En el libro Cita en Hollywood de Juan B. Heinink y Robert G. Dickson (1990), consagrado a la producción de las películas norteamericanas habladas en castellano, se consignan 175 cintas “hispanas” filmadas entre 1929 y 1939 que tienen al menos una duración de 20 minutos (dos bobinas), dejando de lado noticiarios en español, cortos de duración inferior, incluyendo aquellos que se limitaban a mostrar un número musical y que fueron abundantes especialmente en los primeros años.

El músico catalán Xavier Cugat figura como director de una de las primeras producciones “hispanas”, Charros, gauchos y manolas (1930), en la que alternan, entre otros, la mexicana Carmen Castillo, el argentino Vicente Padula y la española María Alba. Más que el interés de ese filme en sí mismo que, por lo que se sabe, es muy escaso (casi un pretexto para la presentación de actores y cantantes de los tres países concernidos), se trata de la versión sonora inaugural de lo que Hollywood va a difundir por varios lustros acerca de la imagen musical de América Latina, incluyendo para esos efectos a España. Iberoamérica es vista como un conglomerado de atuendos y de ritmos, como un mix variopinto en el que hasta los acentos españoles están atravesados a veces por pronunciaciones con un dejo inglés. Esa imagen se prolonga por varias décadas y llega todavía potente a los años sesenta, y en ella sin duda va a desempeñar un papel muy relevante el mismo Cugat (véase el documental Sexo, maracas y chihuahuas, de Diego Mas Trelles, 2016) cuyas orquestaciones alimentan esa fusión rítmica que entremezcla melodías mexicanas, caribeñas, argentinas, brasileñas y españolas. Una de las expresiones más genuinas de un hipotético mestizaje hispano-brasileño convertido en marca musical.

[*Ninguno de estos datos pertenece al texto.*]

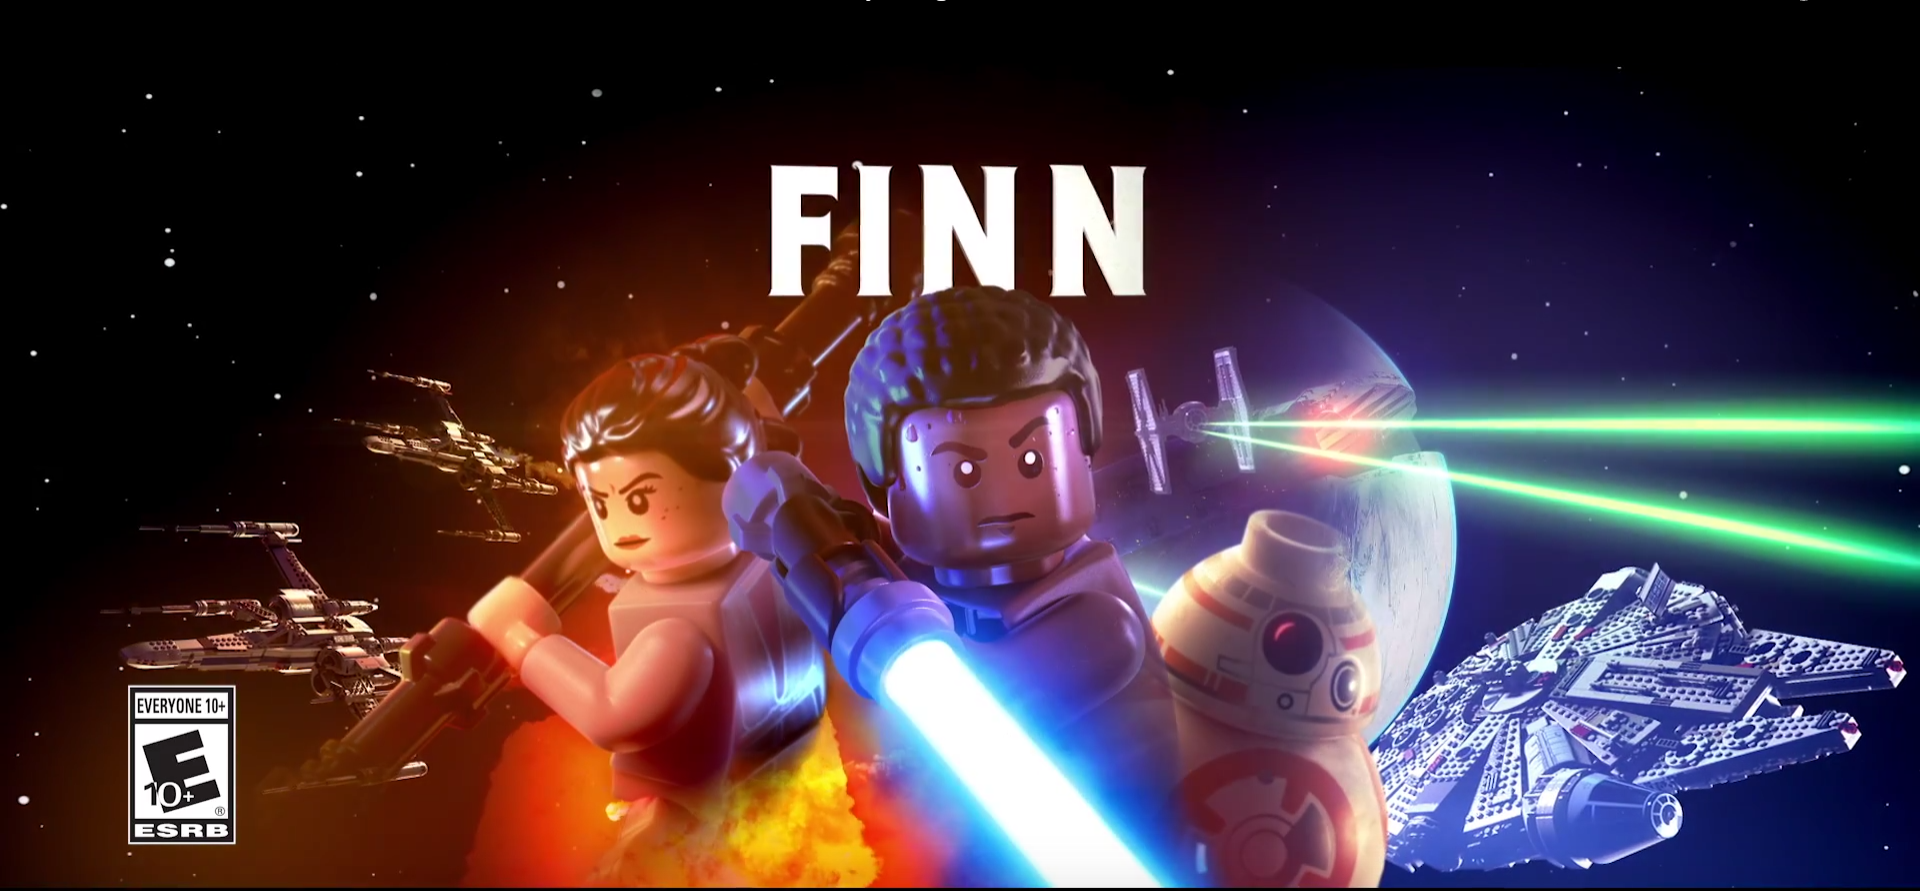 Finn se presenta en un nuevo tráiler de Lego Star Wars: El despertar de la fuerza

Por una parte, se intentó dar a las películas originalmente filmadas en lengua inglesa su equivalente en español filmándolas con los mismos actores y a partir del mismo guion y pautas de rodaje. En este campo tal vez la experiencia más aceptada fue la de hacer hablar en español (muy poco y con serias limitaciones vocales) a los cómicos Stan Laurel y Oliver Hardy, cuya popularidad era tan grande que se aceptó esa licencia por algunos años. Heinink y Dickson (1990) precisan que:

[Las] películas cómicas de Laurel y Hardy, producidas por Hal Roach en idioma castellano y en contra de lo que pudiera pensarse, no fueron casi nunca copias exactas de su patrón principal. Los actores inventaron continuas variaciones de los gags, junto con otros nuevos y divertidos chistes que prolongaron la duración de las comedias hasta alcanzar el doble del metraje original. (p. 30)

Hay que recordar que la pareja Laurel & Hardy dio el paso al sonoro mejor que ninguno de sus congéneres humorísticos y la reducción de los diálogos a lo más escueto facilitó las cosas, pues casi no incomodaba escucharlos en sus propias voces por extrañas que sonaran.

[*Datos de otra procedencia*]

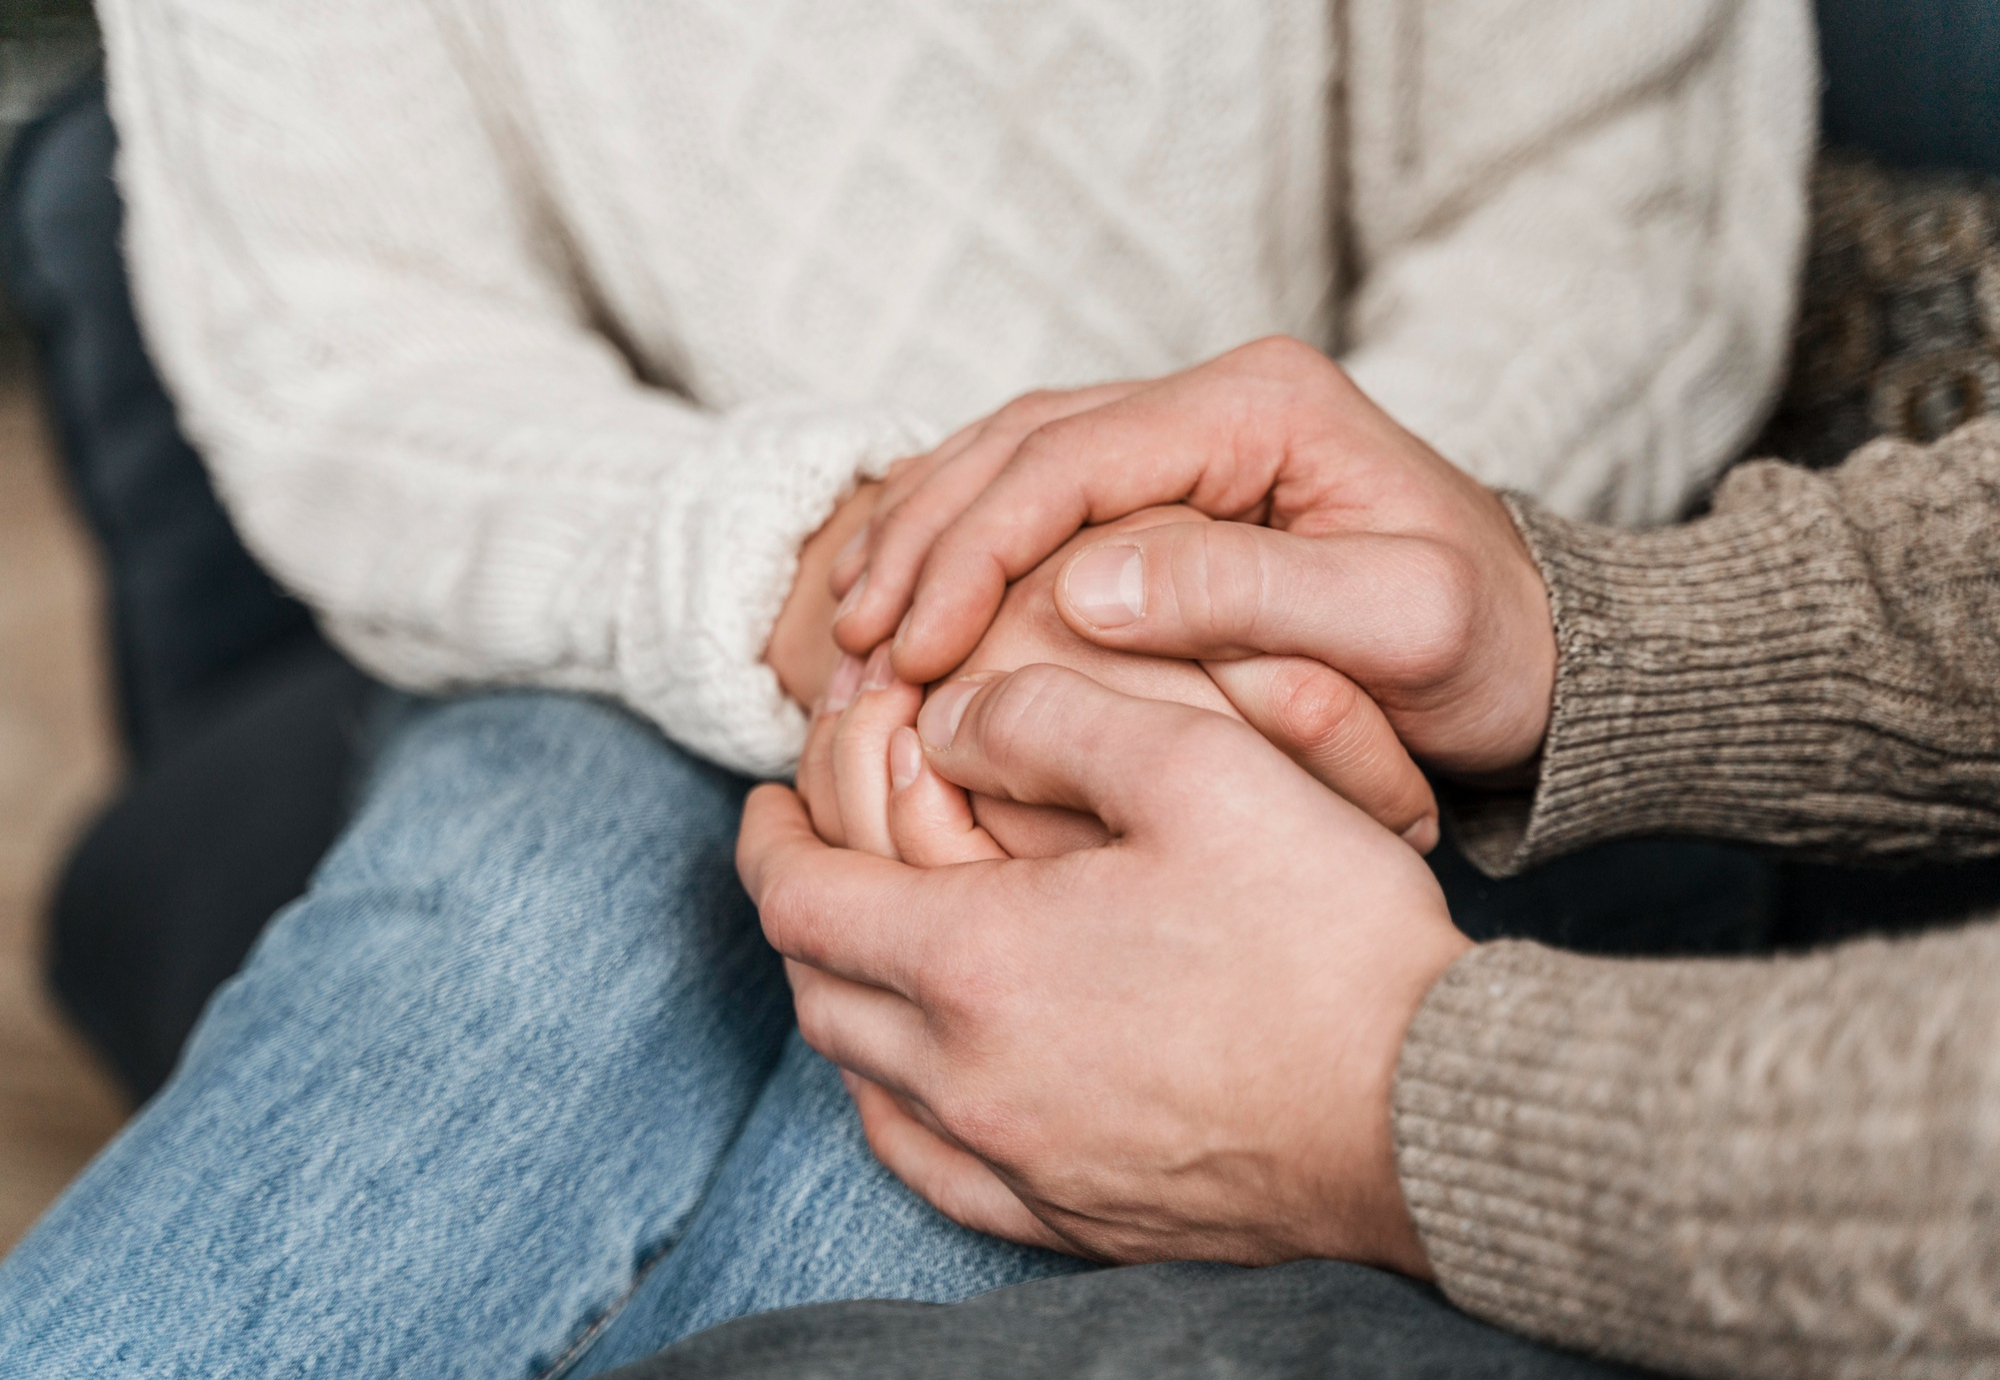 Deux personnes se tenant la main pour se soutenir mutuellement pendant une période de deuil

Otro cómico al que impulsaron a replicar el camino iniciado por Laurel y Hardy fue Buster Keaton, pero aquí las cosas no marcharon nada bien. Si ya Keaton hablando en inglés no funcionó como se quería, hacerlo hablar en castellano fue un despropósito total. Quien tuvo mejor suerte fue otro intérprete que venía de la gran fábrica de la slapstick comedy de los años veinte, Charlie Chase, pero nadie más. Fuera de la comedia no funcionaron otros registros de segundas versiones con actores no “hispanos”. De allí que la producción de estas “repeticiones” en castellano se concentrara en aquellas a cargo de “nativos hispánicos”, mexicanos en su mayor parte, pero procedentes también de España y diversos países al sur de México.

Uno de los escollos a los que se enfrentaba esa producción “postiza” era la mezcla de acentos que, pese a intentarse una cierta disminución de su identidad fonética, no pasaban inadvertidos para el oyente y resultaban francamente incómodos. La “guerra de los acentos” se hizo notoria desde los inicios de esta peculiar experiencia de cine hollywoodense. Las tentativas de neutralización de los acentos no fueron satisfactorias y el nuevo rol de director de diálogos que se estableció y que en muchos casos prácticamente se convirtió en el director a secas, tampoco pudo hacer mucho para reducir ese inconveniente. Otra dificultad estuvo en el desconocimiento del español por parte de casi todos los realizadores norteamericanos que tuvieron a su cargo las películas y que se valieron de asistentes, supervisores y de los directores de diálogos o “directores de actores” para las indicaciones y la comunicación con los intérpretes. El capítulo actoral estuvo, en buena medida, delegado a segundas personas.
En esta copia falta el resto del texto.